Now I have these 2 in a 5 gallon that grow perfectly fine but in my 55g it doesn't budge and the glosso dies..

My specs.. maybe someone can help me out..
Tank has been running 3-4months already, only get some spot algae on the walls.. but everything else seems fine

55 gallon
Potting soil substrate capped with playsand and black fluorite chunks.
Soil has clay chunks in it as well.
Pressurized co2 2 bps.
Drop checker reads green
Lights 2x 54W HO T5 with the default stands that are about 3-4" above the top of the tank. (lights are not old or anything)
Dosing dry ferts.. ei dosage.
Lots of good flow...

I have a bunch of other plants in the tank everything seems to grow fine.. but these two.... I'm trying to get a lush carpet as I do in my 5gallon but I don't understand why I can't.. do I need ot up my lighting or anything?

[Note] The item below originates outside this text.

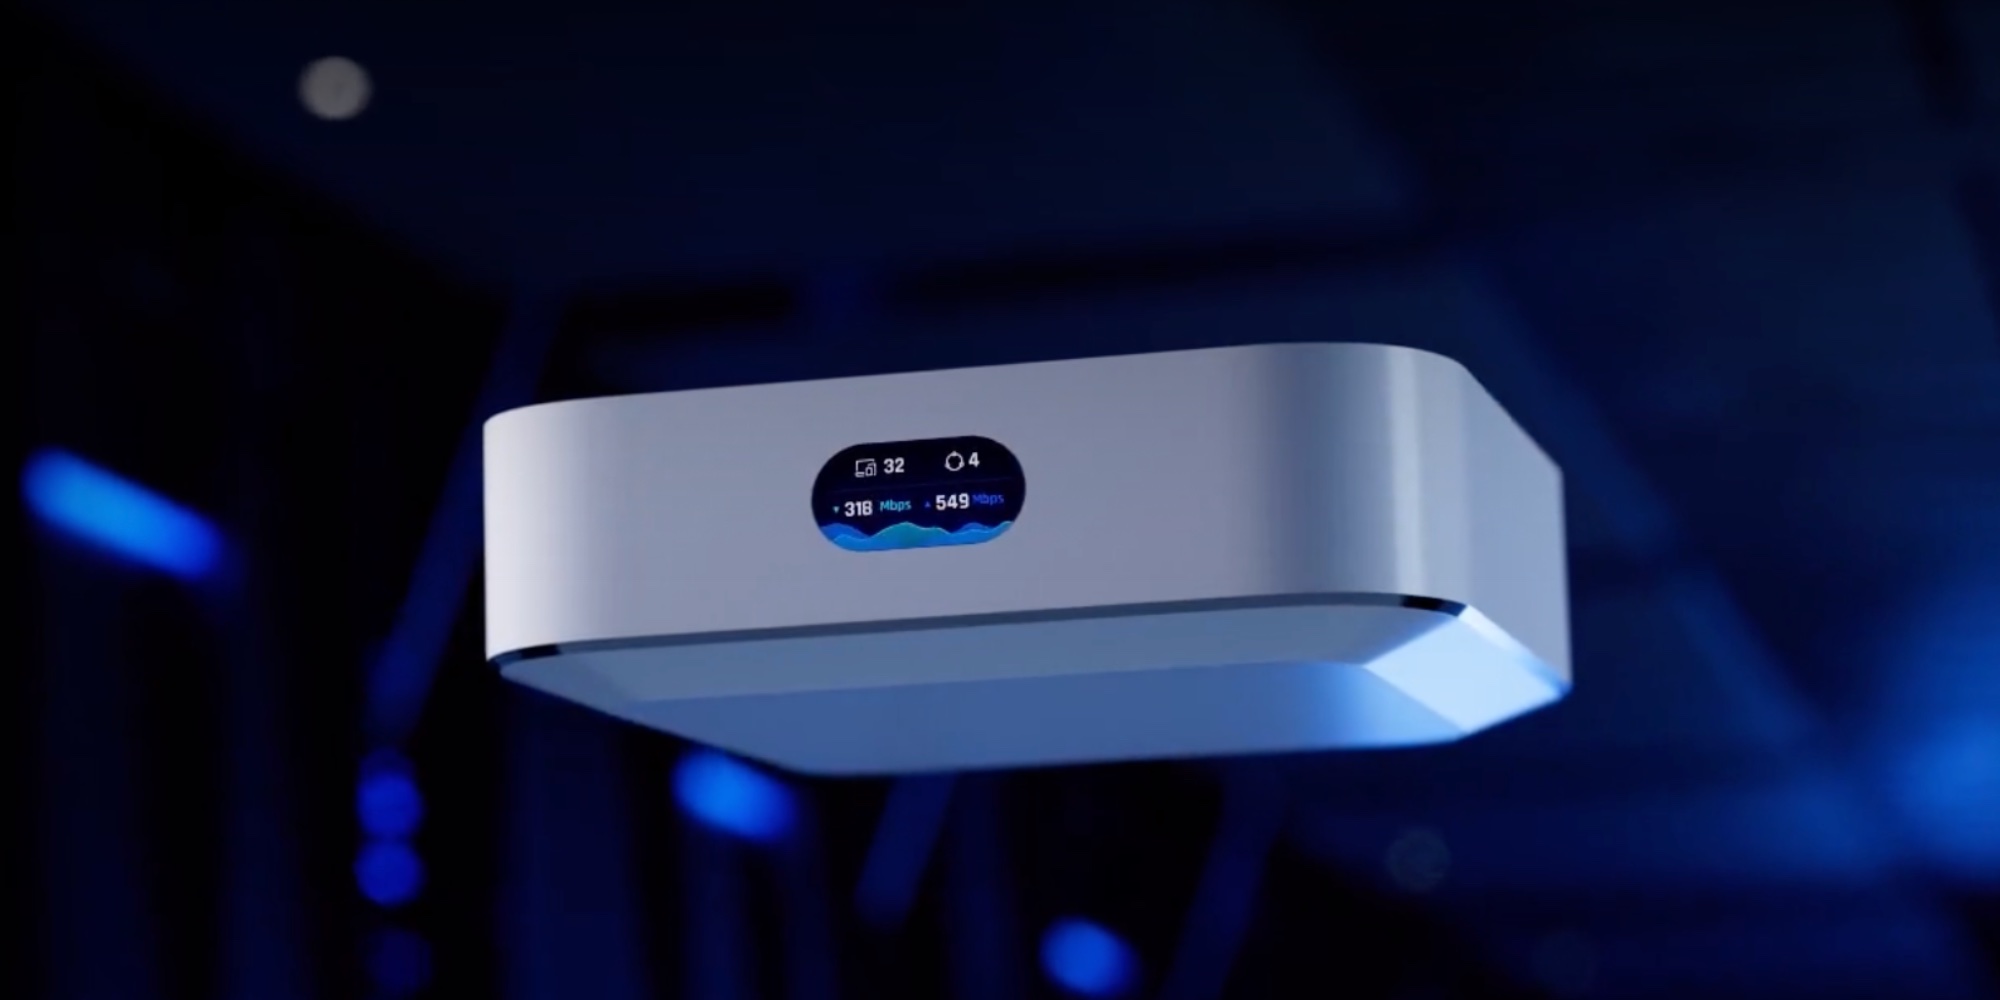 UniFi Express debuts as a new all-in-one package from Ubiquiti
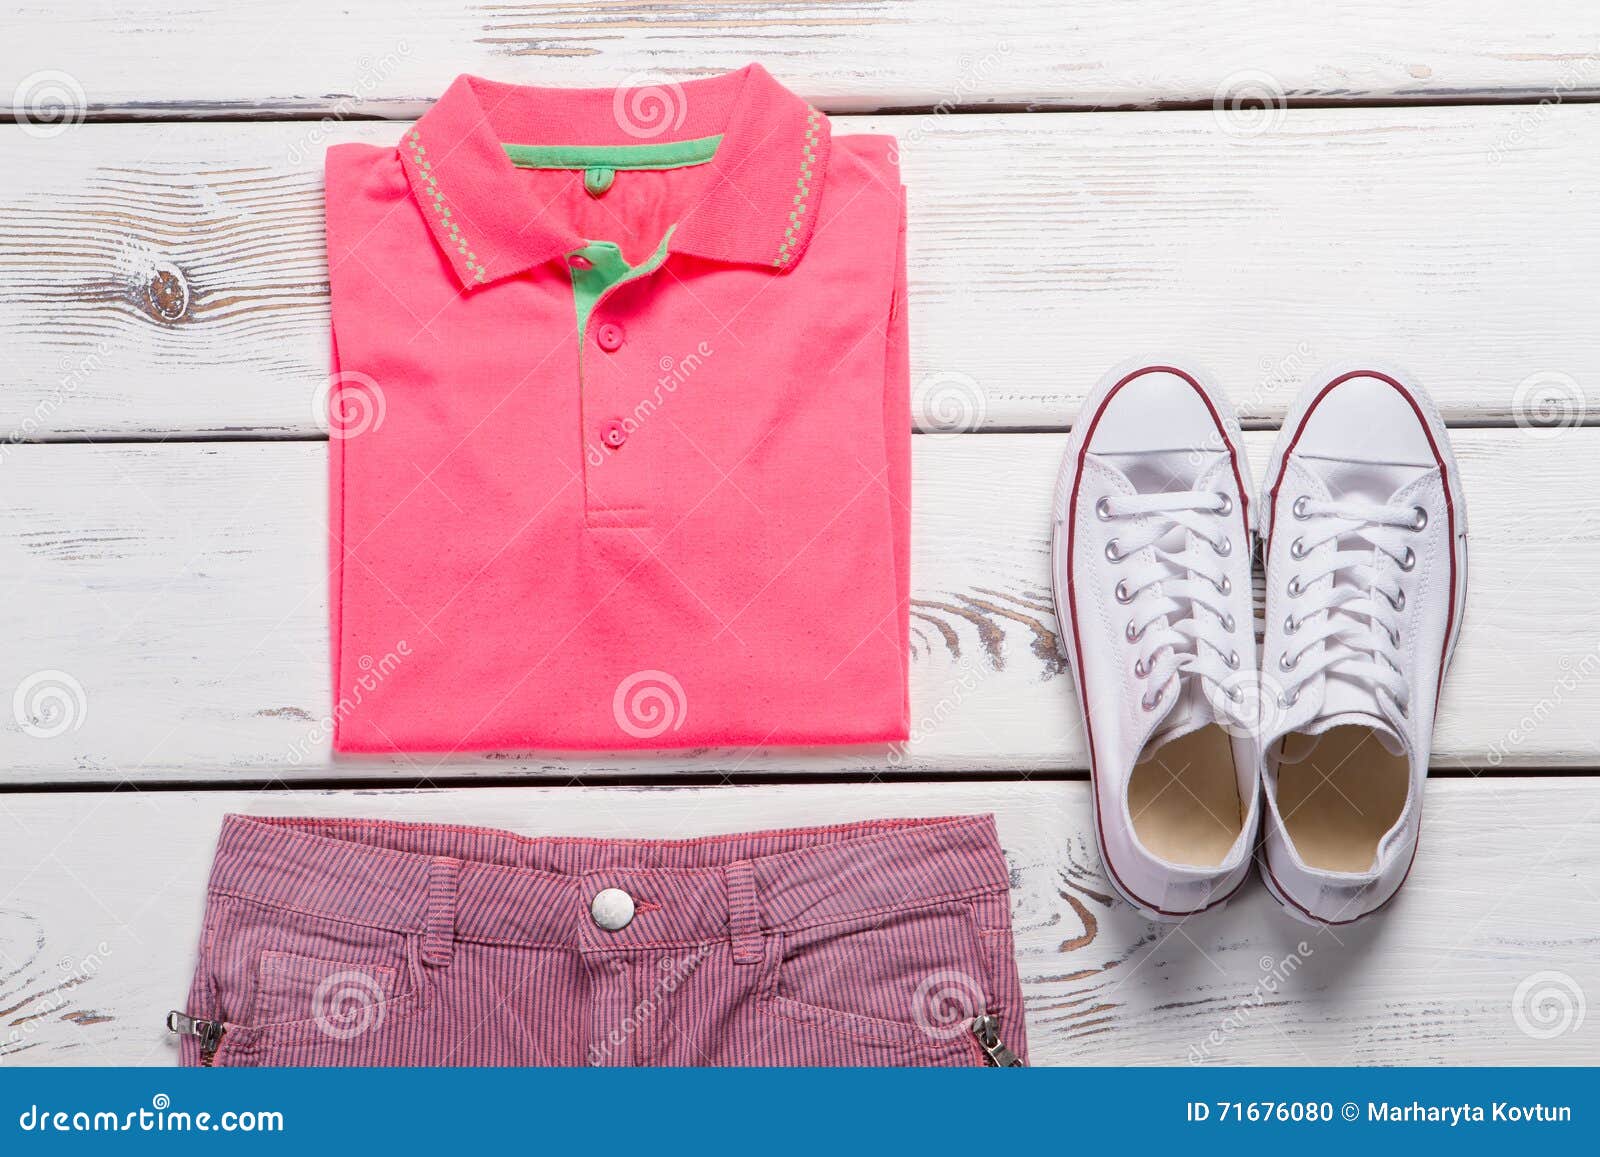 Pink Polo Shirt and Shorts. Stock Photo - Image of design, gift: 71676080

not sure why I have this issue.. the dwarf hairgrass don't die or anything just don't spread runners i planted several patches...
They are near the front of the tank and receive light... not sure why nothing is happening lol


----------



## Wildman (May 6, 2008)

I am gonna guess that you need more light. As I recall, glosso needs A LOT of light. You also don't mention hardness or pH although I don't believe that those factors affect either plant much. Also keep in mind that small & large tanks are exceptions to theWPG rules so that the plants in the 5 may be experiencing far more light than the ones In the 55. 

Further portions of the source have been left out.